__Stored data__:
::::

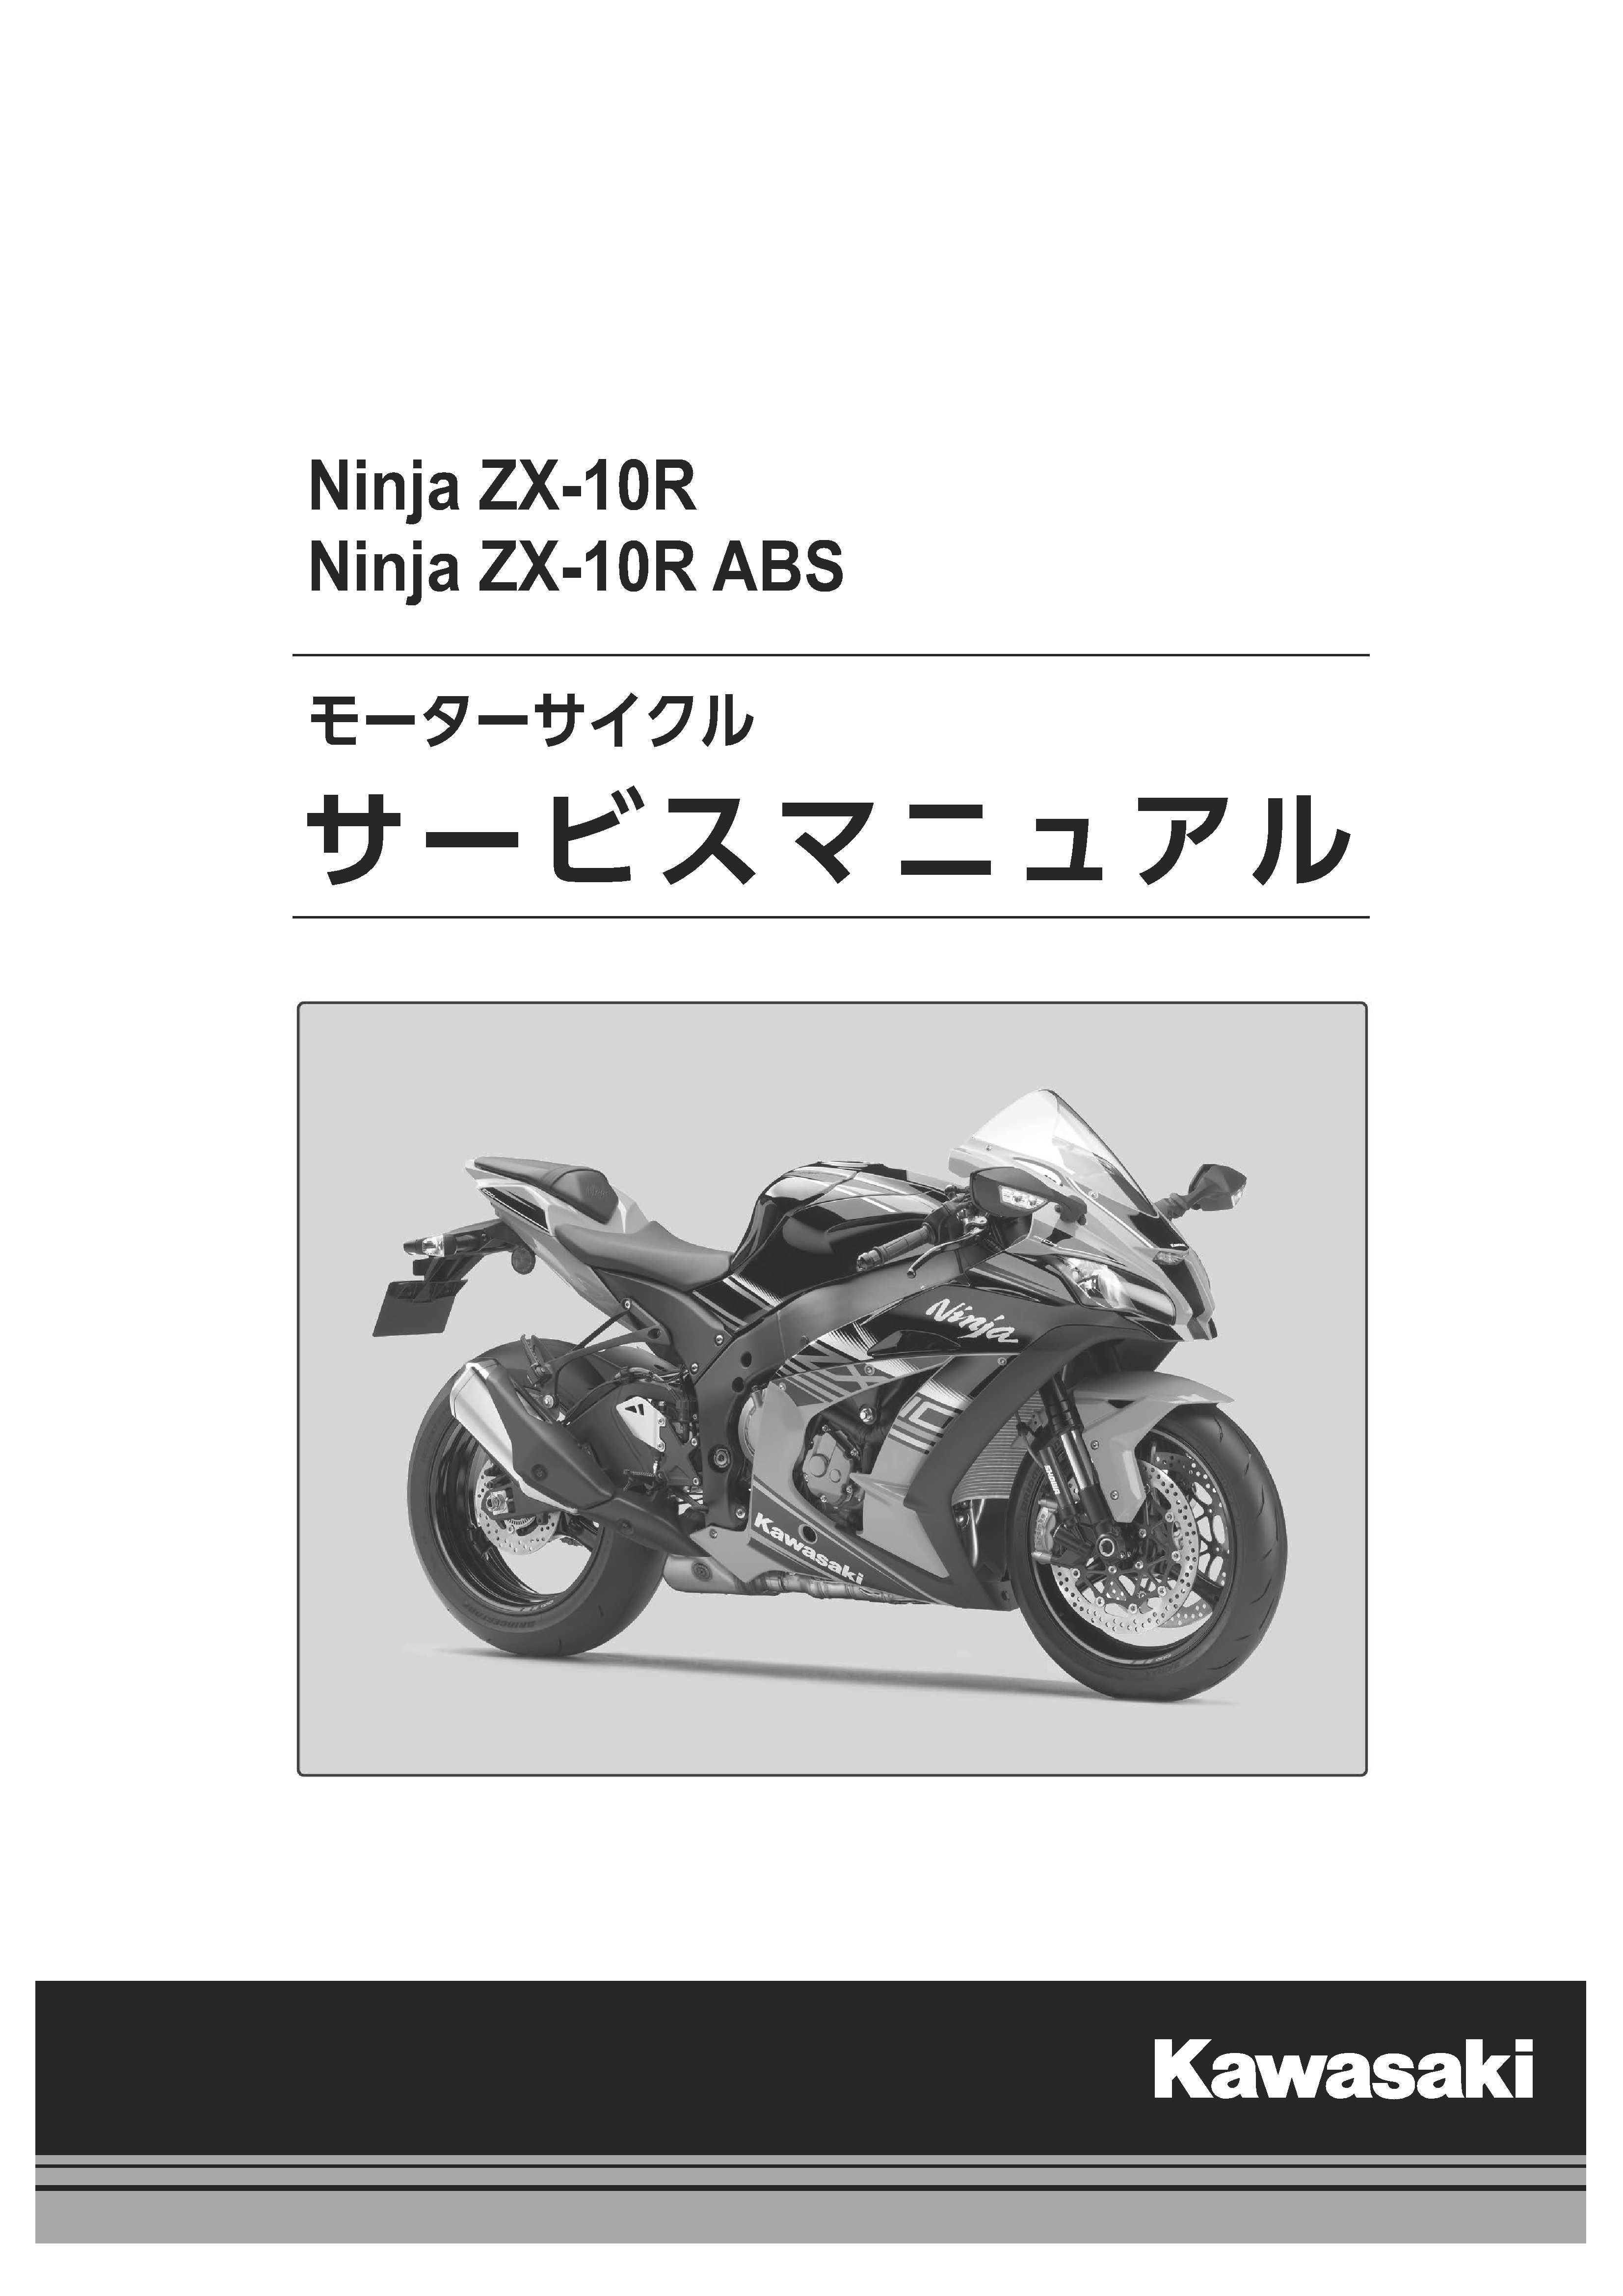 カワサキパーツ/ウエア＆グッズオンラインショップNINJA ZX-10R/ABS 16 
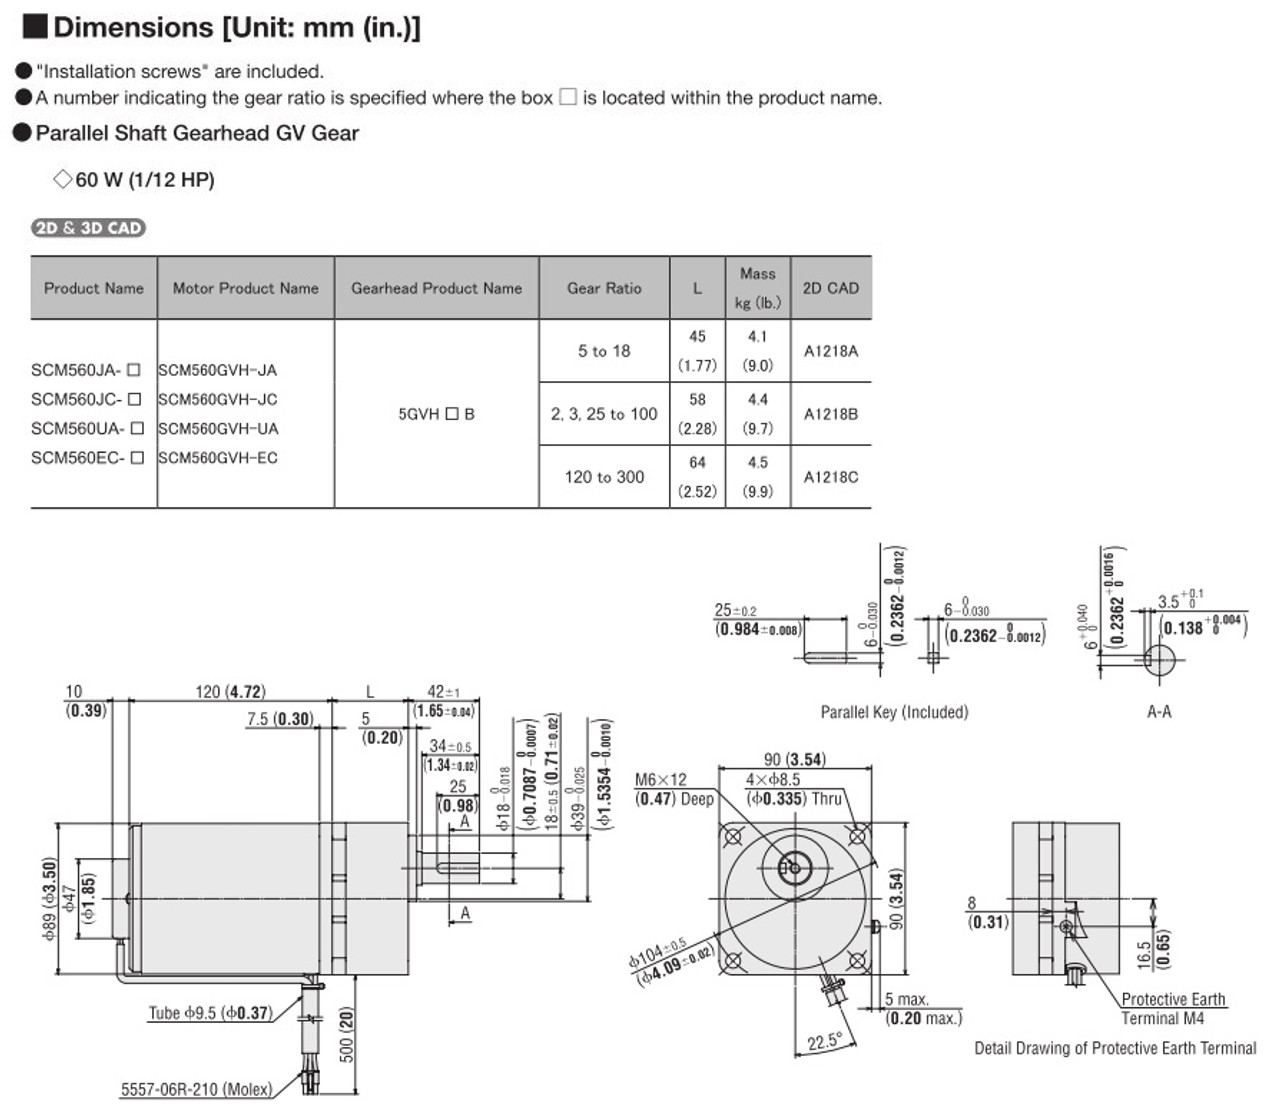 SCM560EC-9 - Dimensions
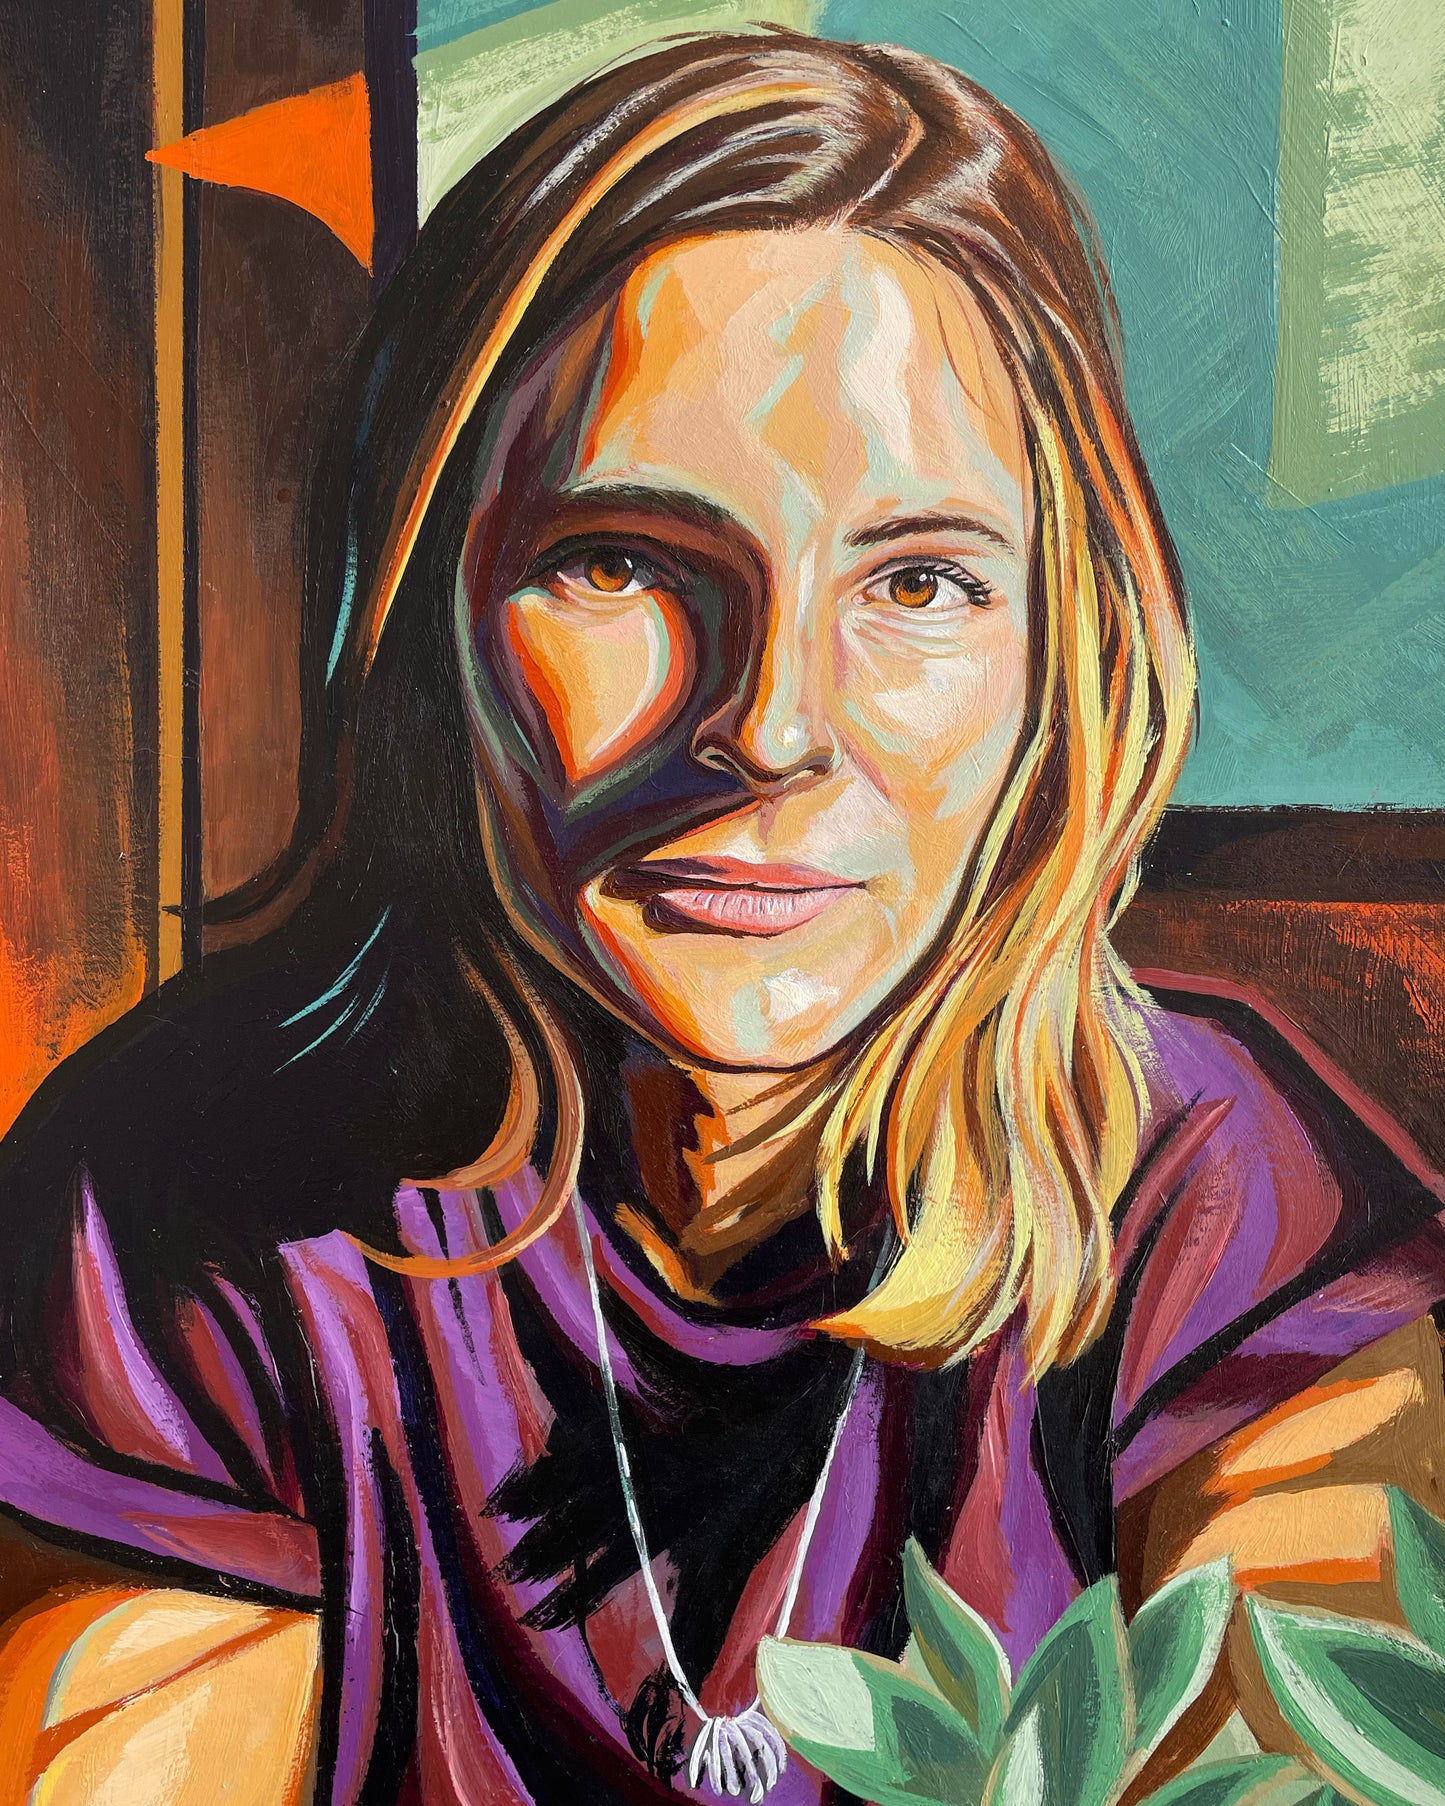 Katie's Portraits Commission: Down Payment (8"x10")

::::

__How to complete this task__: Without including any pictures, set down word for word every line from the one containing "SCM560EC-9 - Dimensions" through the last line of the material.

__Written response__:
 SCM560EC-9 - Dimensions
 Katie's Portraits Commission: Down Payment (8"x10")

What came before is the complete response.